Oral diltiazem is used far more commonly than verapamil for chronic rate control. Monotherapy with oral diltiazem can be used to treat patients with persistent atrial flutter, as well as patients who have recurrent or persistent atrial fibrillation with episodic atrial flutter. The initial dose is 30 mg every six hours, and is increased to a maximum of 360 mg/day. Sustained release diltiazem is most commonly used as a once a day drug.
●Verapamil – Intravenous verapamil is very rarely used for acute control. Its use is associated with a higher frequency of hypotension than that with diltiazem.
Verapamil, like diltiazem, increases refractoriness and decreases conduction velocity in the AV node, leading to reductions in the ventricular response in atrial flutter [6-10]. Intravenous verapamil can be given acutely in a dose of 5 to 10 mg over two to three minutes; this dose can be repeated every 15 to 30 minutes as necessary. The maintenance infusion rate is approximately 5 mg/hour. The onset of action is within two minutes and the peak effect occurs in 10 to 15 minutes. Control of the ventricular response is lost in roughly 90 minutes if repeated boluses or a maintenance infusion are not given.

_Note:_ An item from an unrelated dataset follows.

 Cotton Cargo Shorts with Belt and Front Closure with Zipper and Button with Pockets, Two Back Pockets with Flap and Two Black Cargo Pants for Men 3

Similar to diltiazem, oral verapamil may be used to treat patients with persistent atrial flutter or patients with recurrent or persistent atrial fibrillation who have episodic atrial flutter. The initial dose of oral verapamil is 40 to 80 mg every six hours. This dose can be increased to a maximum of 360 mg/day if hepatic function is relatively normal. The sustained-release formulation is used for chronic therapy.
Clinical cautions — Diltiazem and verapamil should not be given to patients with severe heart failure (New York Heart Association class III or IV) and should be given with caution to patients with sinus node dysfunction, second- or third-degree AV block, the pre-excitation syndrome, hypotension, or the concurrent intake of other drugs that inhibit sinoatrial (SA) nodal function or slow AV nodal conduction.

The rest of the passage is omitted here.